Somehow I’ve come to be known as the tech savvy person in my lab, so they recently threw me into the deep end of the pool on using CellProfiler. For the first project I was successfully able to find and modify a pipeline to fit my needs. I was trying to quantify the area of glucagon in the pancreas, which was as simple as unmixing the stain colors. Then I did the same thing with insulin.
Now I’ve got a problem. I’m supposed to be finding the number of objects, and the area occupied by lipids in the liver. I thought I could handle it by unmixing colors again, but it’s Masson’s stain, which I can’t seem to get to cooperate. The biggest problem (to me) is that the lipids are identified mostly by the absence of stain. I tried masking the stained area, but that hasn’t seemed to work. I tried a custom filter, but couldn’t get that to work.

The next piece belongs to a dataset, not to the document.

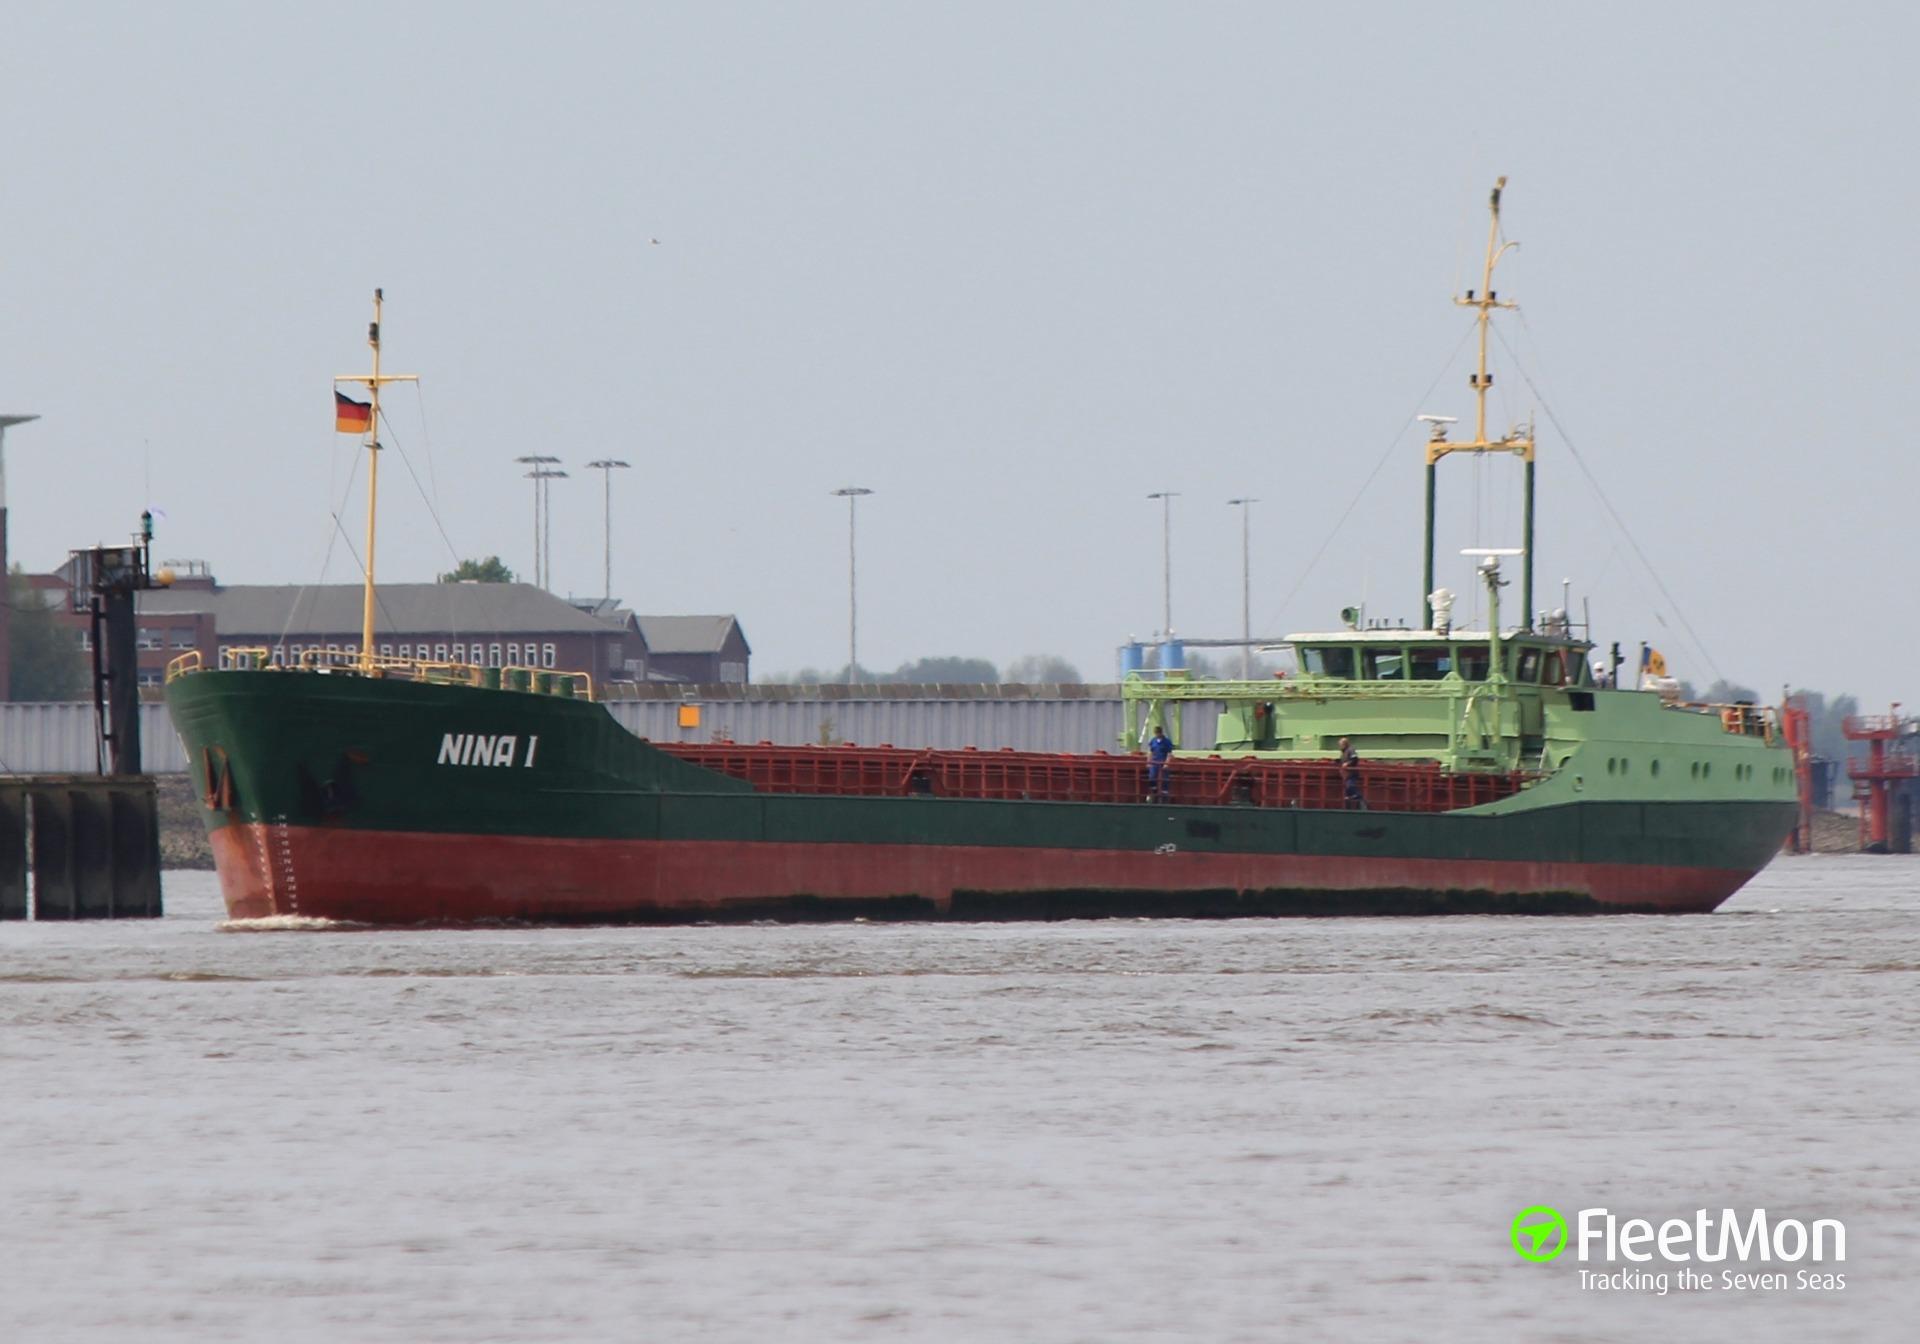 Cargo ship ran aground in North sea

My boss sent me some powerpoint slides with previously analyzed images, thinking it would help me reverse-engineer a pipeline (the original creator of the pipeline is no longer in our lab, and I can’t get in touch with them to try and get it). The slides have only confused me more. I can’t figure out how they got the binary image, or how they got the “outlines” image to only select the lipid objects, and not the larger objects like blood vessels and the like.
Could someone just give me a nudge in the right direction? I can’t figure out what step I’m missing here.